The greatest opportunities to deal with water scarcity, according to David Molden, the IWMI scientist who led the research, involve multiple strategies for producing more crops, livestock and fish with water already in use, especially across the African savannas. Most of the world's poor live there and in other parts of the semi-arid tropics, where short dry spells are common and soil fertility is declining.

"Since soils are fragile and rainfall is variable in the savannas, making them more productive is not easy," Rijsberman remarked. "But this year the World Food Prize is going to Brazilian scientists who accomplished just that in their country's vast savanna, called the Cerrados. The same miracle needs to be repeated in Africa."

To transform rainfed agriculture in the African savannas and other semi-arid lands, the Assessment argues, requires investment in low-cost practices such as supplemental irrigation and water harvesting with simple equipment - that is "buckets, not big irrigation systems," as phrased in The Economist magazine, one of many major media that reported on the Assessment.

This transformation must start happening soon for two reasons. First, water scarcity is an impending threat to the livelihoods of the poor. Though natural resource analysts are sometimes accused of exaggerating environmental perils, they rarely understate them. Yet, that is precisely what happened at the start of the new millenium. "Predictions in 2000 forecast that one third of the world's population would suffer the effects of water scarcity by 2025," said Rijsberman. "Our research findings show the situation to be much worse. Already, in 2005 more than a third of the population is affected by water scarcity."

A second source of concern is that the water requirements of agriculture are huge. Up to 70 times more water is needed to grow food than is consumed in drinking and other domestic uses, such as cooking, washing and bathing. In general, it takes about one liter of water to produce each calorie consumed as food. Depending on their diets, humans indirectly consume 2,000 to 5,000 liters of water in their daily meals.

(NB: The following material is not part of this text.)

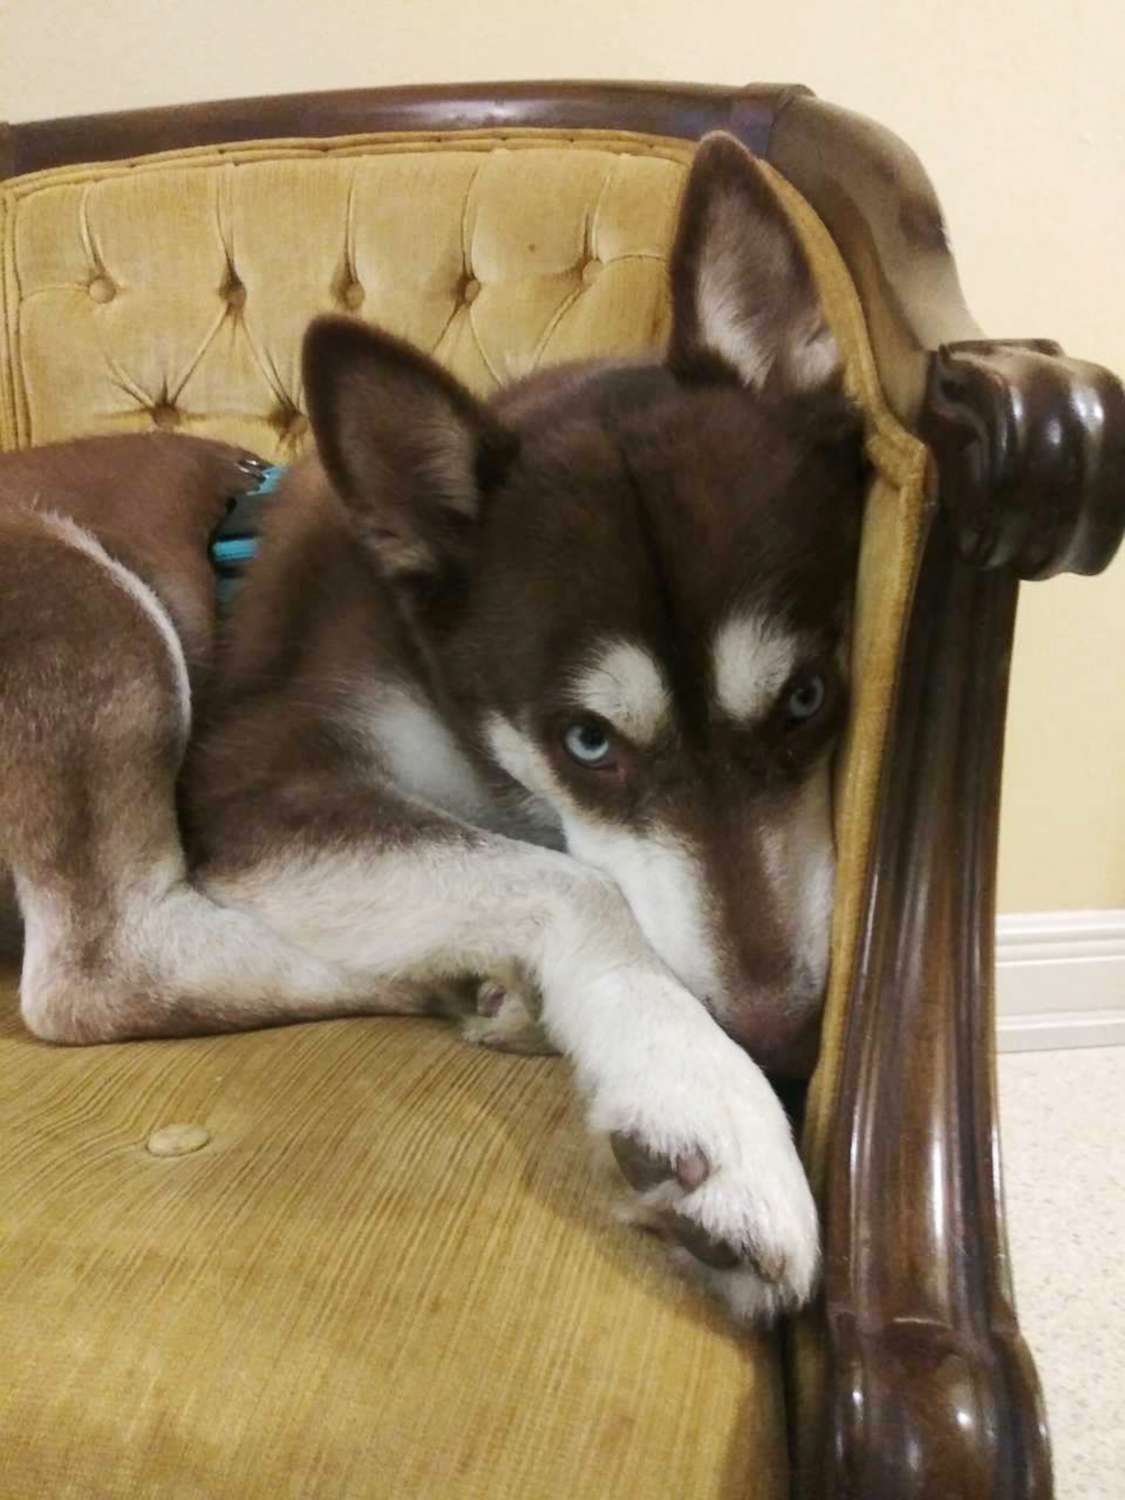 PHOTO: Sinatra the husky snuggles on a chair at the Verrill family home in a Tampa, Fla., suburb before he was returned to his owners on Nov. 26, 2018, almost two years after he ran away from his Brooklyn, New York home.

To meet future food requirements, it is especially important that water be used more efficiently in the production of livestock and fish, but oddly their relationship to water management has been neglected. For that reason a workshop held during World Water Week included an ILRI presentation on livestock. In addition, a side event was organized by the World Agroforestry Centre on the importance of trees in water management.

As decision makers struggle to cope with the food-water dilemma, "they will face many difficult choices entailing tradeoffs between urban and agricultural users, food production and the environment, and fishers and farmers," said Molden. "There simply is not enough water to go around."

The Comprehensive Assessment, based on a combination of rigorous science and broad public debate, will at least provide decision makers with a coherent basis for planning and action.